*** GIVEN DATA ***

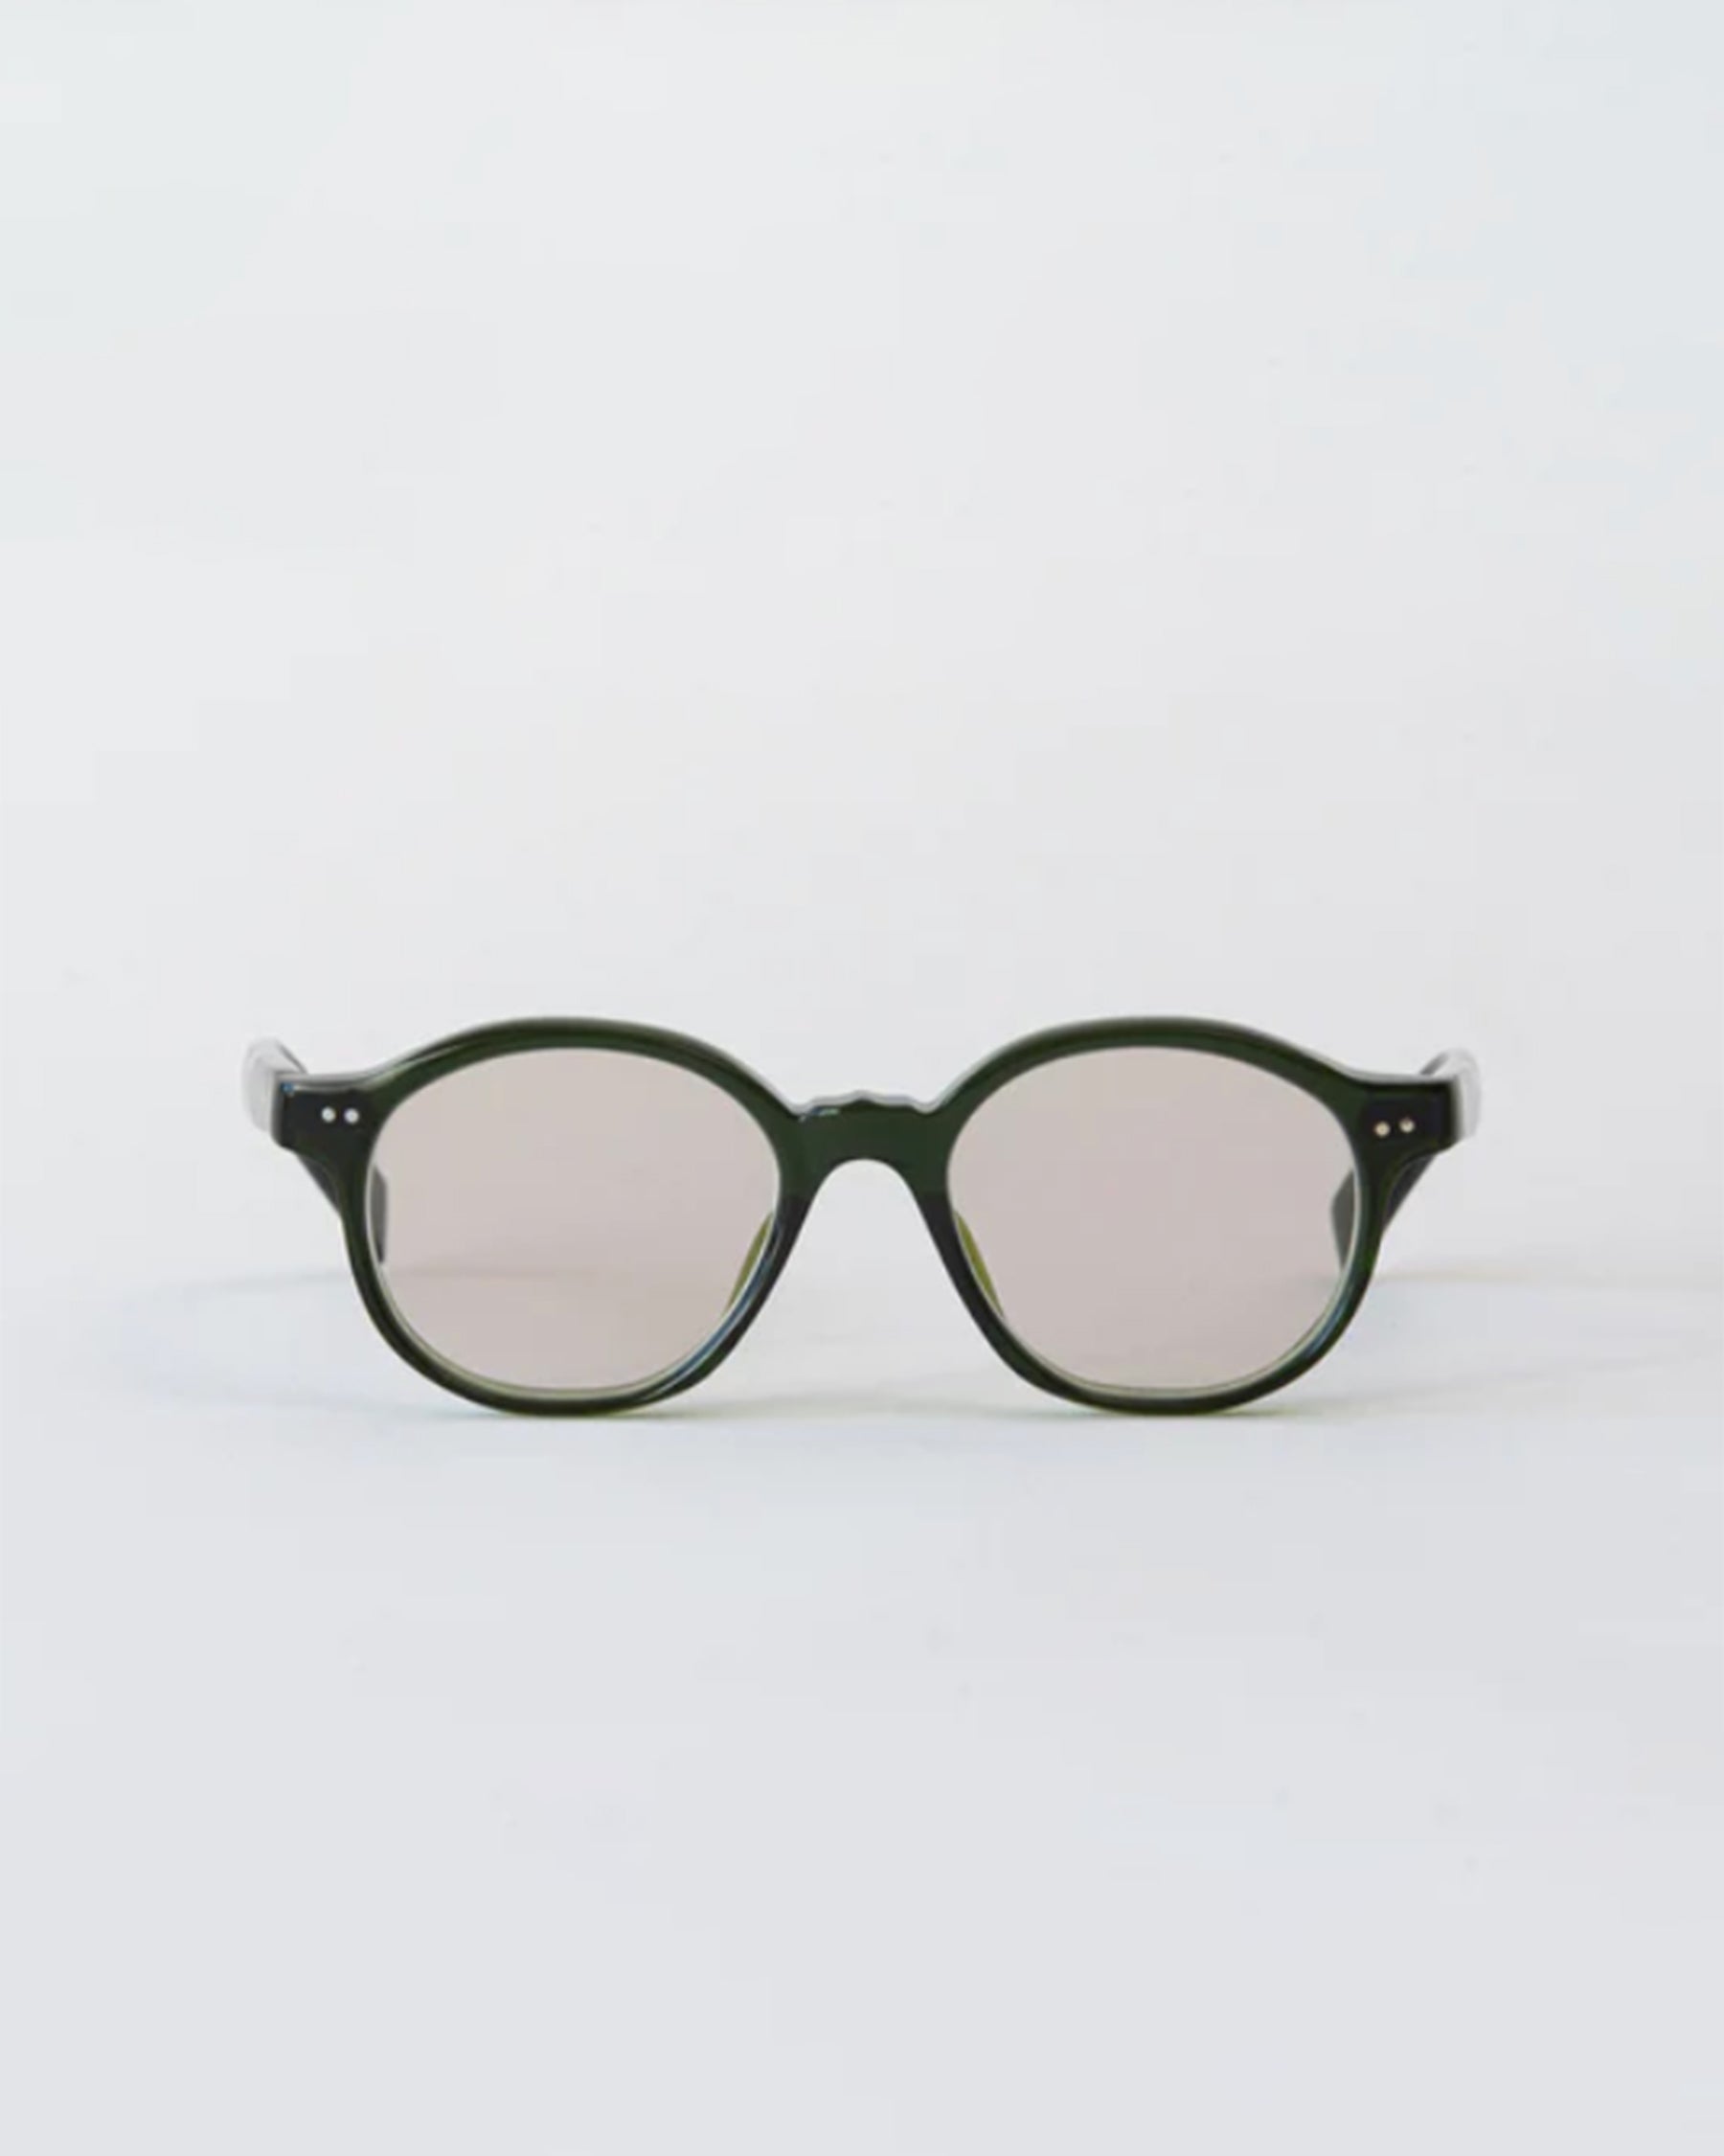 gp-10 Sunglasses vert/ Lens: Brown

***
*** GIVEN DATA ***

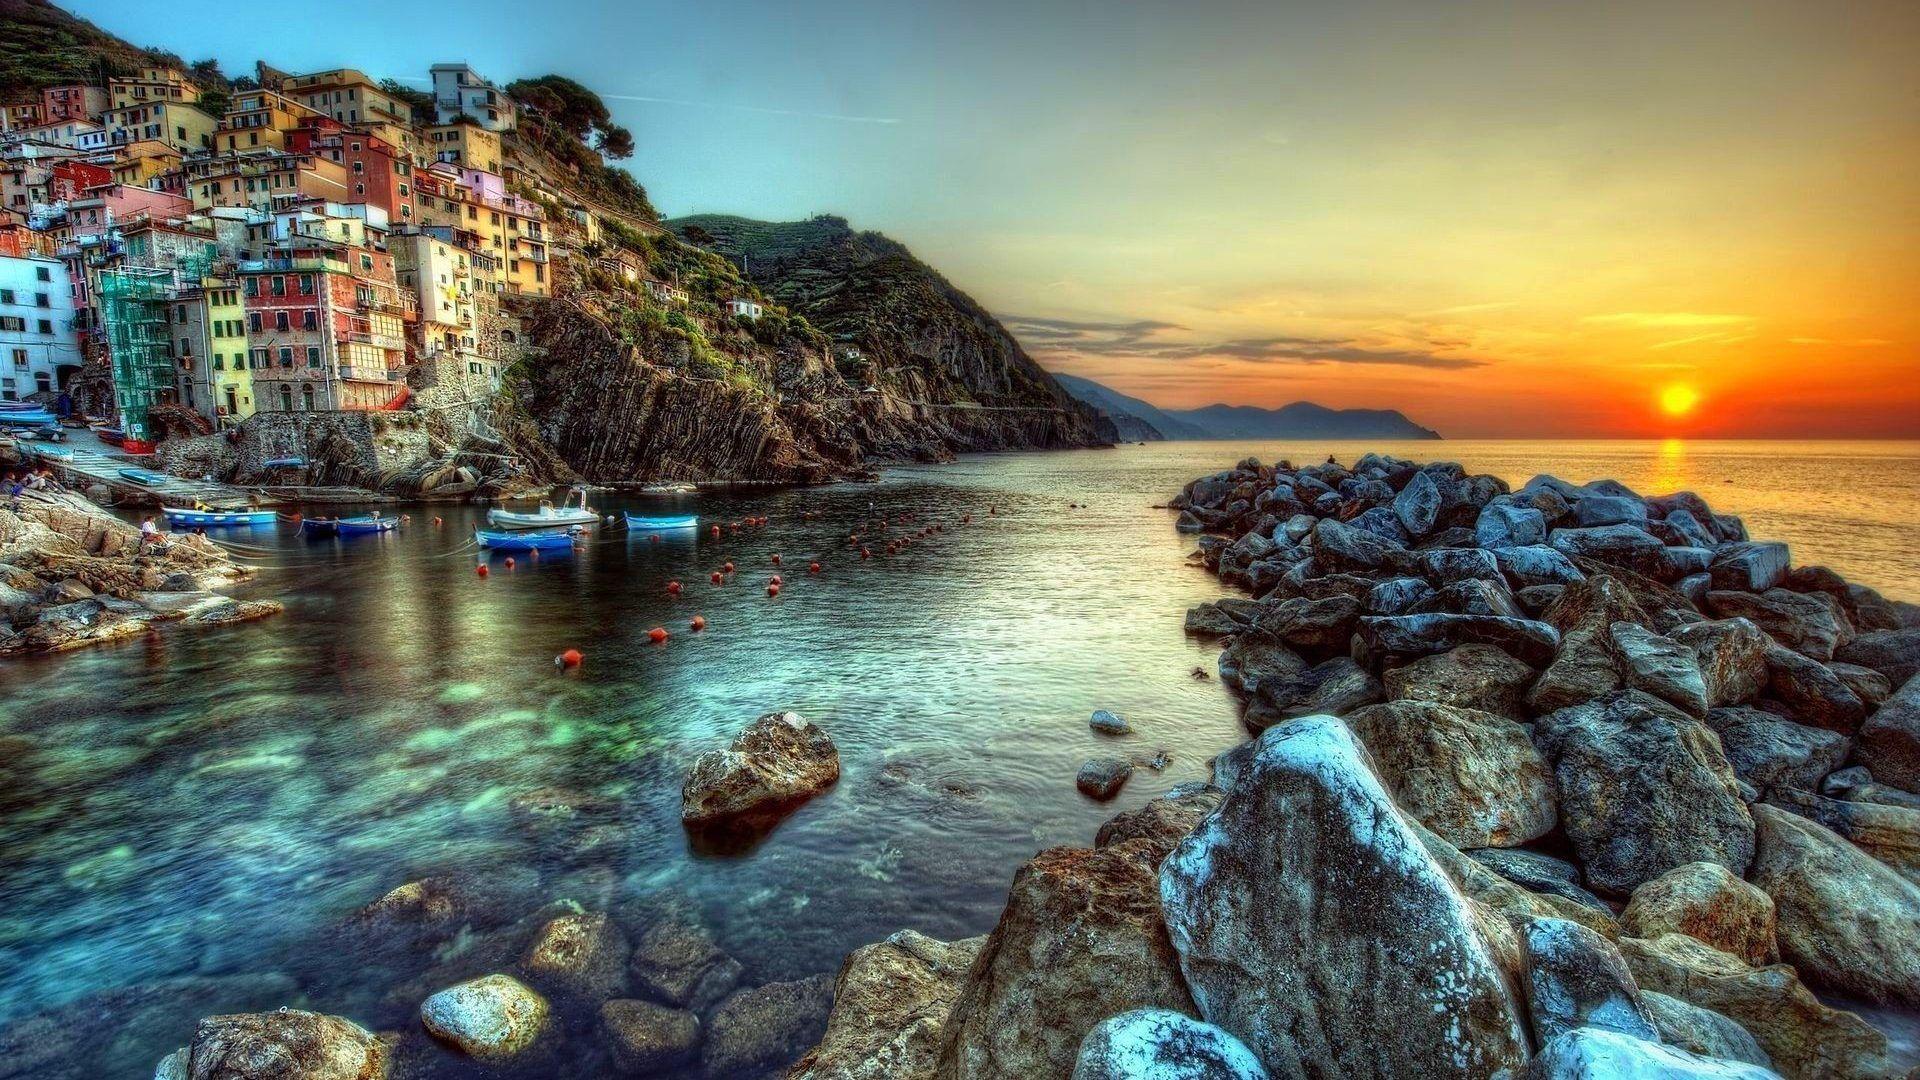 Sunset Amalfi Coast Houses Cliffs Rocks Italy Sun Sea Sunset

***
*** GIVEN DATA ***

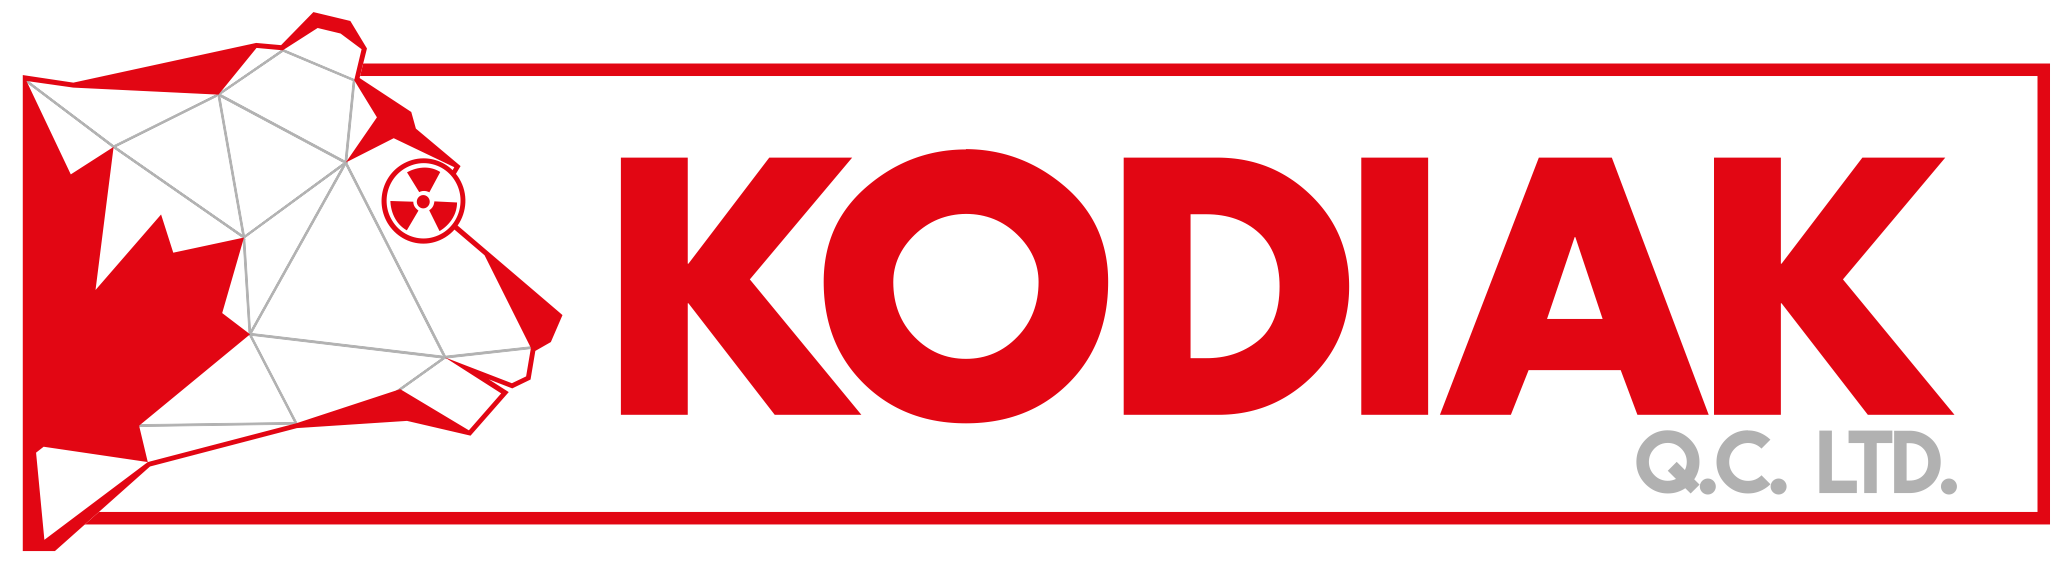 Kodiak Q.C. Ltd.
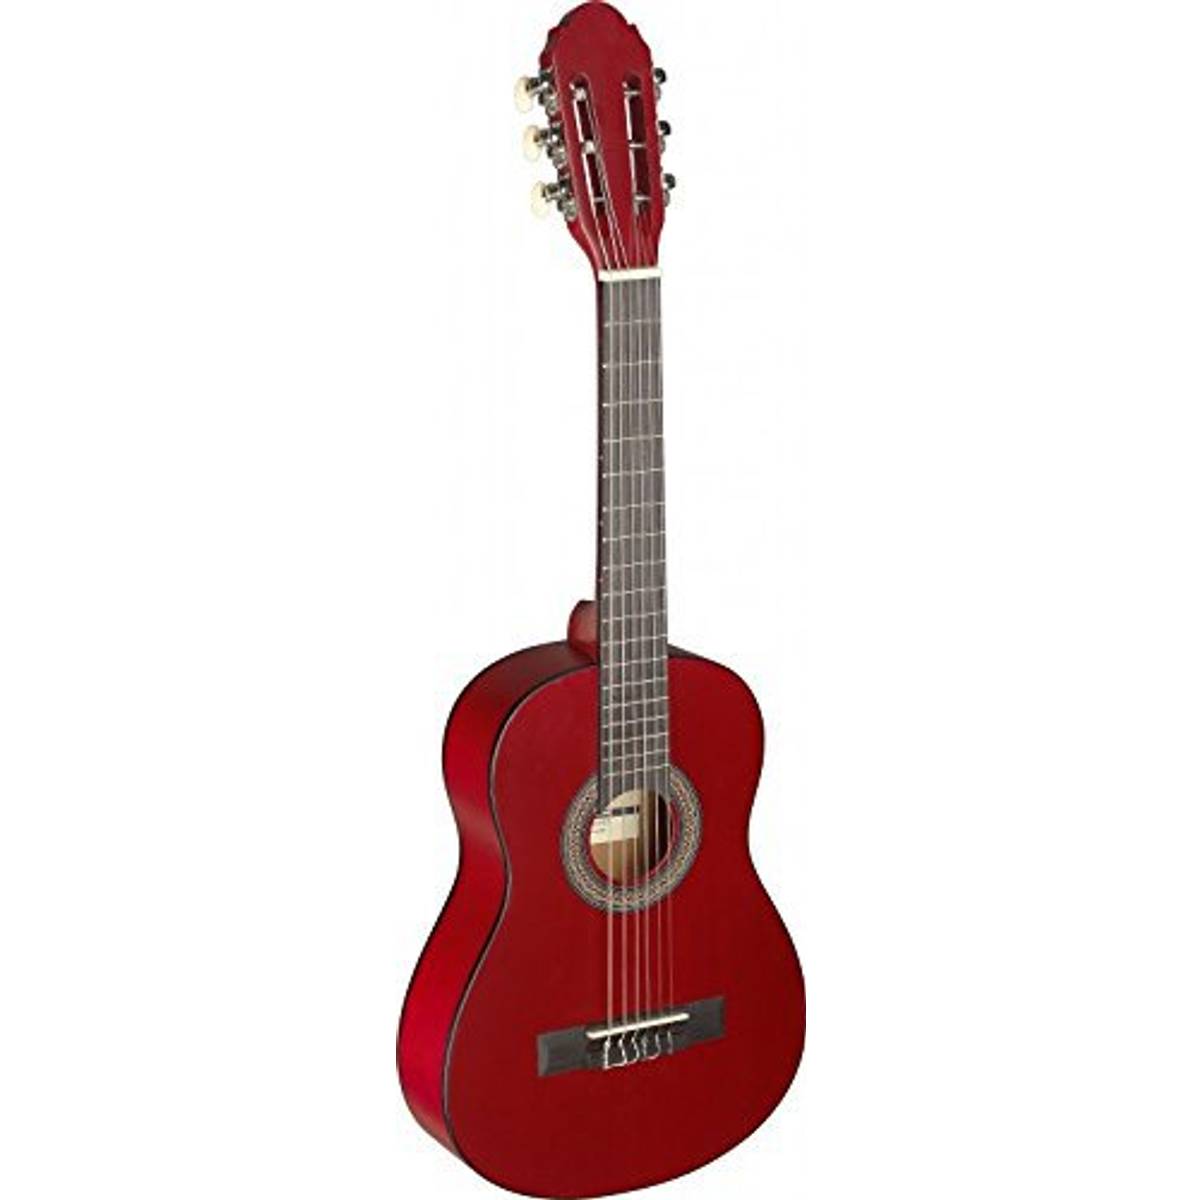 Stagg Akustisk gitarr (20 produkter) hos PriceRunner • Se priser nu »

***

▶ **TASK DETAILS**: What is needed is an exact copy of the lines above, from the one holding "Kodiak Q.C. Ltd." down to the one holding "Stagg Akustisk gitarr", with those two included and the pictures left out.

▶ **WRITTEN SOLUTION**:
 Kodiak Q.C. Ltd.
 Stagg Akustisk gitarr (20 produkter) hos PriceRunner • Se priser nu »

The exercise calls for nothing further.